Red Potato Salad – Goes With Bbq - cooking recipe

Ingredients
    12 -15 red potatoes, small dollar sized
    2 celery ribs
    1/4 red onion (medium-sized)
    1/2 cup mayonnaise (regular or light)
    3/4 teaspoon celery seed
    2 teaspoons salt
    1 1/2 teaspoons white pepper
    1/8 teaspoon chili pepper (or cayenne pepper)
    4 tablespoons honey
    2 tablespoons sweet pickle relish
    1 tablespoon Dijon mustard
    1 lemon (medium-sized)
    2 teaspoons apple cider vinegar
    2 tablespoons extra virgin olive oil
    1/8 teaspoon ground thyme
Preparation
    Main ingredients:
    1 large (or two medium) celery sticks, washed and trimmed, finely diced.

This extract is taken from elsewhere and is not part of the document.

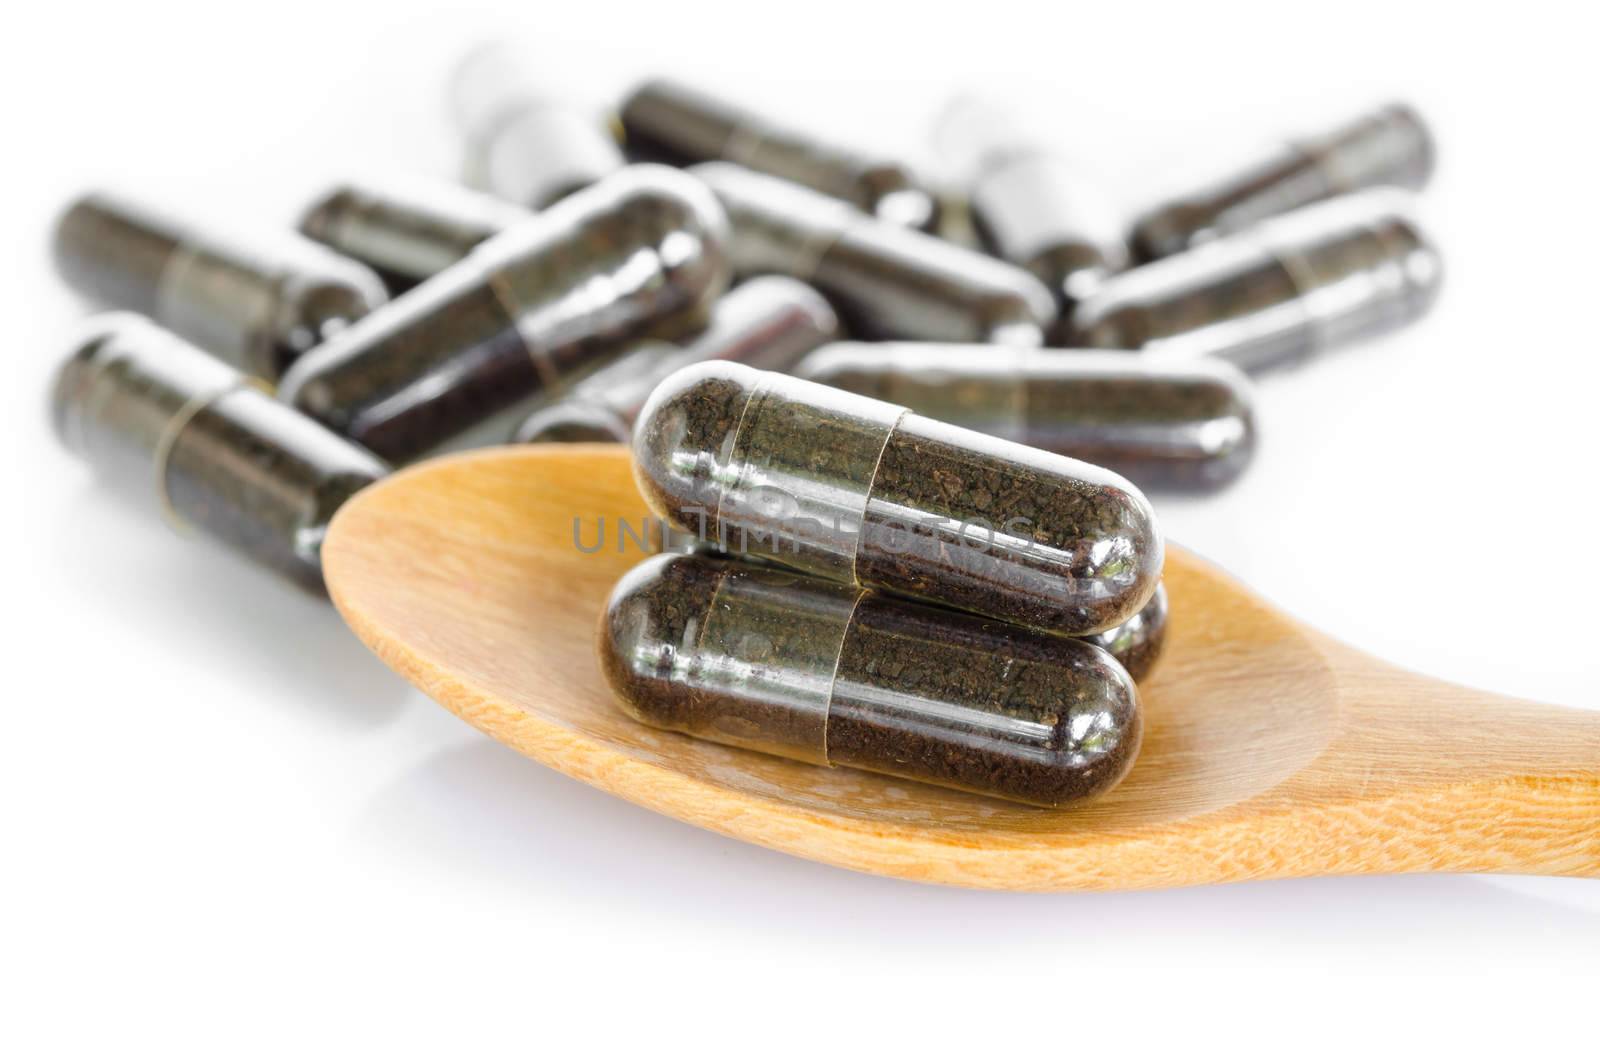 Black herbal capsule drug in wooden spoon on white background.

    1/4 medium-sized red onion, finely diced.
    12 to 15 dollar size red potatoes (i.e. small round red potatoes).
    -Boil in a pot of water until \"fork firm\" (not fork tender).
    -Place in an ice bath for 5 mins to cool, then pat dry.
    -Cut each potato into quarters.
    Dressing base:
    1/2 cup of light mayonnaise (add another quarter cup if you like a creamier texture).
    3/4 teaspoon of celery seed.
    11/2 teaspoons salt.
    1 teaspoon white pepper (black is also fine).
    1/4 teaspoon of chili or cayenne pepper.
    3 tablespoons honey.
    2 tablespoons sweet dill pickle relish (optional).
    ** Whisk these ingredients together.
    Vinaigrette base:
    1 tablespoon Dijon mustard.
    1 tablespoon of honey.
    1 medium-sized lemon.
    2 teaspoons of apple cider vinegar.
    2 tablespoons of olive oil (or extra virgin olive oil).
    1/8 teaspoon of salt.
    1/8 teaspoon of white (or black) pepper.
    1/8 teaspoon of ground thyme.
    ** Whisk these ingredients together.
    Combine ingredients:
    In a large bowl, combine the main ingredients and the dressing base, stir together.
    Then add three (3) tablespoons of the vinaigrette base to the mixture and combine.
    Taste.
    Add one (1) tablespoon more of the vinaigrette base, if you want a more \"fortified\" flavor. (Discard left over vinaigrette or save and use with a green salad).
    Place in a bowl and let sit in the refrigerator for 30 mins to further cool and allow the flavors combine.